The top U.S. negotiator in talks to secure a long-term security deal with Afghanistan has warned that President Hamid Karzai is unlikely to sign the agreement on time, The Washington Post reported Thursday.
The assessment was made in recent days by U.S. Ambassador James Cunningham in a classified cable, after President Barack Obama's administration repeatedly extended the deadline for the agreement, originally due to be signed early last fall.
White House spokesman Jay Carney said this week that the deal must be signed within "weeks and not months."
"The clock is ticking," he said.
But Cunningham said he did not expect Karzai to agree to sign the document before presidential elections set to be held in April.
U.S.-Afghan ties hit a new low in recent months after Karzai made a surprise decision not to sign the Bilateral Security Agreement promptly, despite having vowed to do so.
The BSA would see several thousand U.S. troops remain in Afghanistan to provide training and assistance after the NATO combat mission ends in December.
Signing the BSA is a precondition for the delivery of billions of dollars in Western aid for Afghanistan.
"We continue to urge President Karzai to sign the BSA promptly," a senior State Department official told the Post when asked about Cunningham's cable.
President Barack Obama's deputies have warned that unless Karzai relents on the security deal soon, there will be no option but to prepare for a full U.S. troop exit -- the so-called "zero option.”

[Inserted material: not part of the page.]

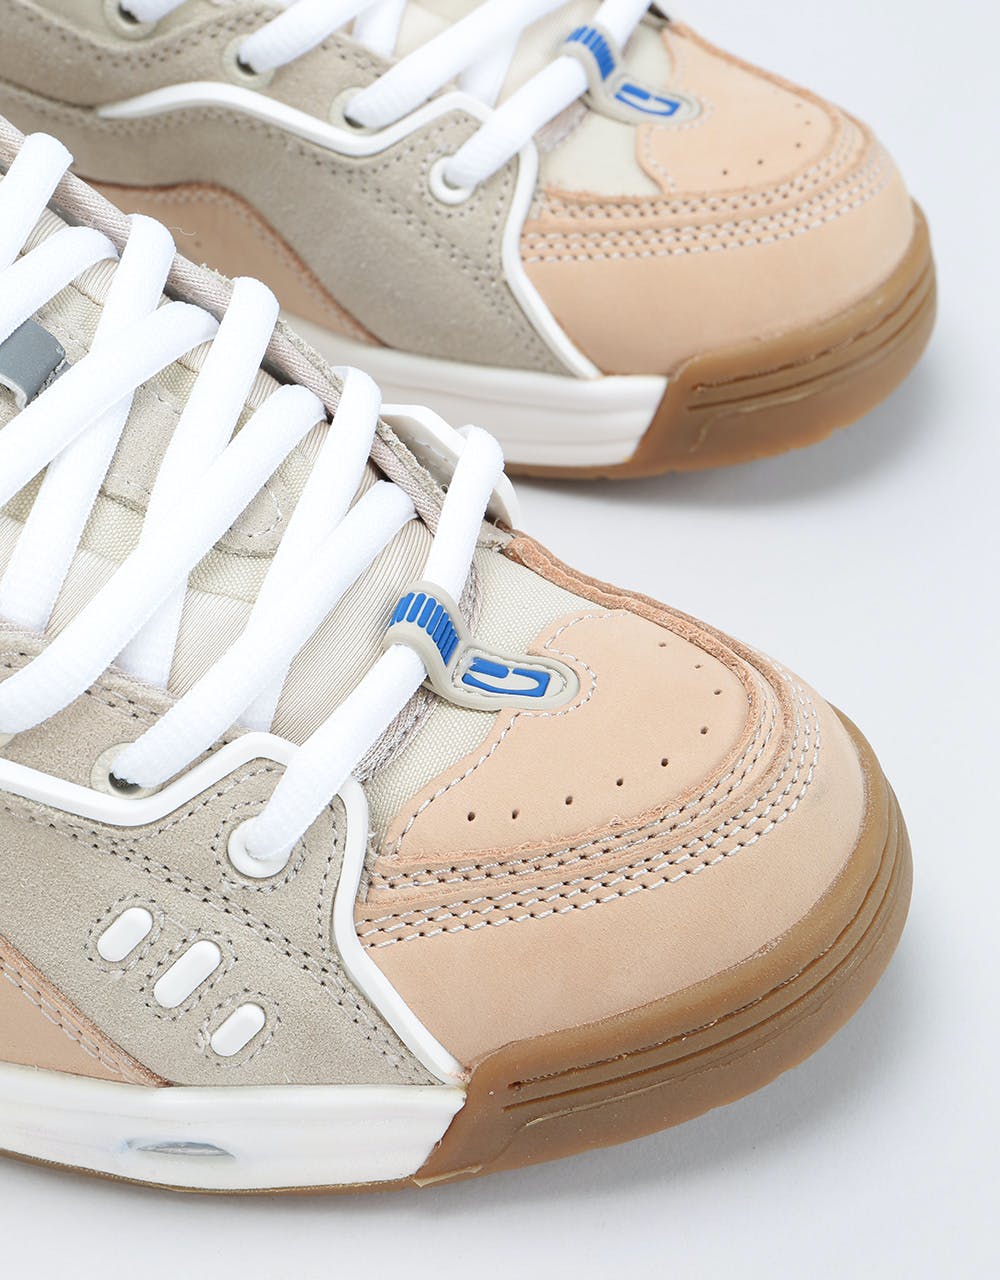 Globe CT IV Classic Skate Shoes - Oyster/Grey/Gum

"If we cannot conclude a bilateral security agreement promptly, then we will be forced to initiate planning for a post-2014 future in which there would be no U.S., nor NATO troop presence in Afghanistan," Carney warned Monday.
"That's not the future we're seeking," he added. "But the further this slips into 2014, the more likely that outcome will come to pass."
In a separate incident that will further strain ties between Kabul and Washington, Afghanistan said Thursday that it would release scores of alleged Taliban fighters from jail as there was no evidence against them, despite U.S. objections that the men could return to the battlefield as NATO troops withdraw.
A meeting chartered by Karzai ordered the release.